Ingatan Setelah Pembawanya Hilang
Roh elf kuno adalah salah satu contoh paling jelas mengapa Aurelion memisahkan Ingatan dari Jiwa. Ketika peradaban elf menghilang, sumber menegaskan mereka tidak sekadar mati dalam arti manusia. Esensi mereka mengendap ke tempat dan gejala: rimbun hutan, mata air, batu, angin, artefak, dan gangguan elemental. Yang tersisa digambarkan sebagai Ingatan dunia setelah kehilangan pembawanya. Karena itu roh-roh ini bukan hantu transparan individu elf yang menunggu menceritakan autobiografi. Mereka adalah residu mode keberadaan tempat identitas sejak awal tersebar melalui Harmoni.
Hubungan mereka dengan Waktu sama asingnya. Taksonomi menempatkan mereka di antara bentuk residual setengah hidup dari keberadaan pra-Dionisian dan mengatakan mereka tidak berpartisipasi secara normal dalam Waktu era manusia. Bagi mereka, tidak ada yang benar-benar “terjadi” dalam arti biasa karena kejadian memerlukan perubahan. Sebuah mata air dapat mempertahankan satu tindakan, satu suasana, satu hubungan antara hutan dan sungai tanpa batas. Reruntuhan dapat mengulang respons karena Ingatan yang terikat padanya tidak pernah memperoleh konteks baru untuk meninjau ulang dirinya. Dari sudut manusia, ini dapat tampak seperti nubuat, hantu, atau kegilaan. Dari sudut roh, mungkin sama sekali tidak ada sebelum dan sesudah.
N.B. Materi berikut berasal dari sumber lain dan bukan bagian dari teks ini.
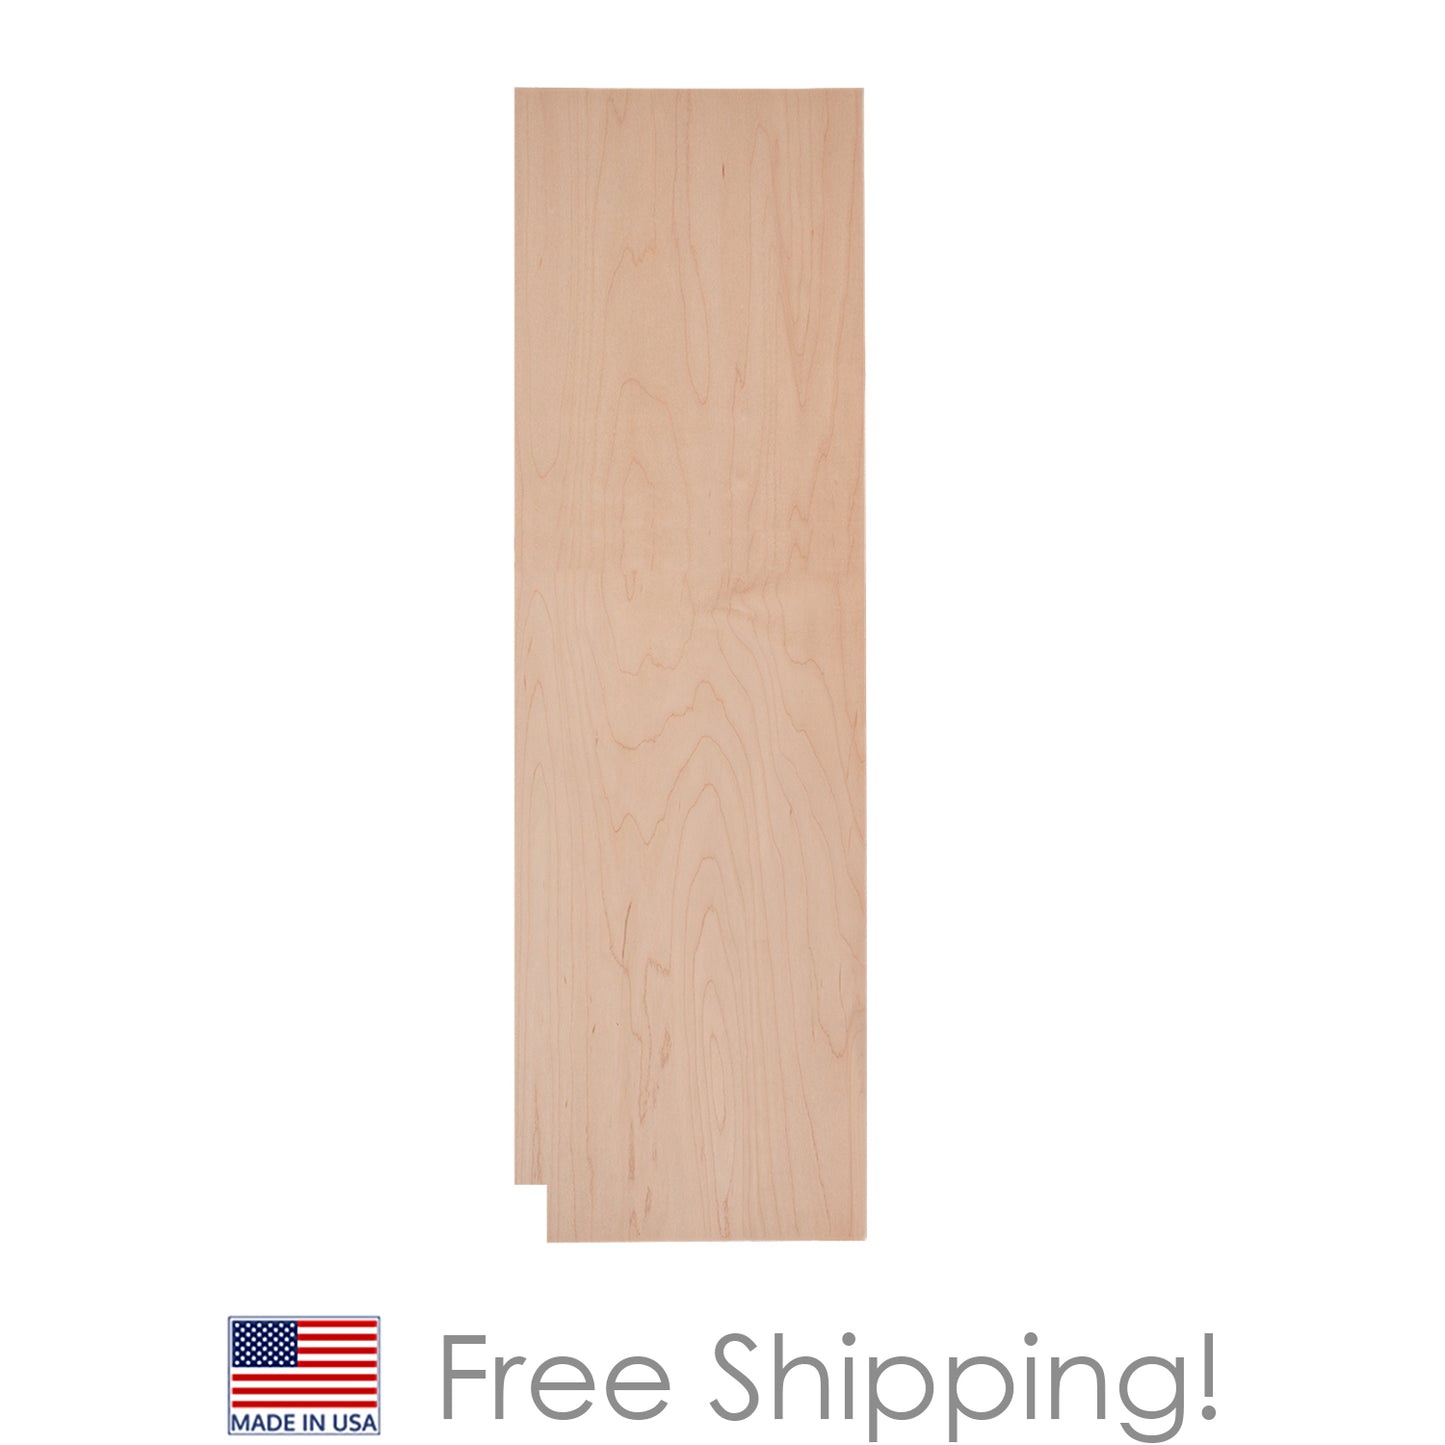 Quicklock RTA (Ready-to-Assemble) Raw Maple .25"X23.25"X84" Pantry End Panel - Right Side

Inilah sebabnya druid manusia awal memperlakukan dunia lama sebagai arkeologi, bukan ciptaan baru. Mereka memasuki hutan dan reruntuhan tempat residu elf masih berfungsi, mempelajari pecahan Harmoni dari pola yang bertahan. Di utara beku, seluruh kota dan rimbun hutan tersegel di bawah es seperti sarkofagus peradaban; di tempat lain hutan lama dapat cukup aktif untuk merebut kembali jalan-jalan Gildglade. Roh yang bertahan tidak harus sadar dengan cara manusia, tetapi ia tetap dapat membuat lanskap bertindak seolah instruksi lama masih hadir.
Karena itu perbedaan antara roh-roh ini dan peri penting. Keduanya muncul dari keruntuhan tatanan elf, tetapi peri memperoleh permainan, tawar-menawar, dan Waktu bersyarat. Roh elf tetap lebih statis: Ingatan dan Fungsi terikat tempat tanpa fleksibilitas kontraktual yang sama. Mereka lebih menyerupai prasasti yang dibuat dalam materi hidup. Menanyakan kepada mereka apa yang dipercayai elf mungkin seperti bertanya kepada bekas luka apa yang dimaksud orang yang terluka. Jawabannya dapat nyata, tepat, dan sama sekali tidak mampu memahami pertanyaannya.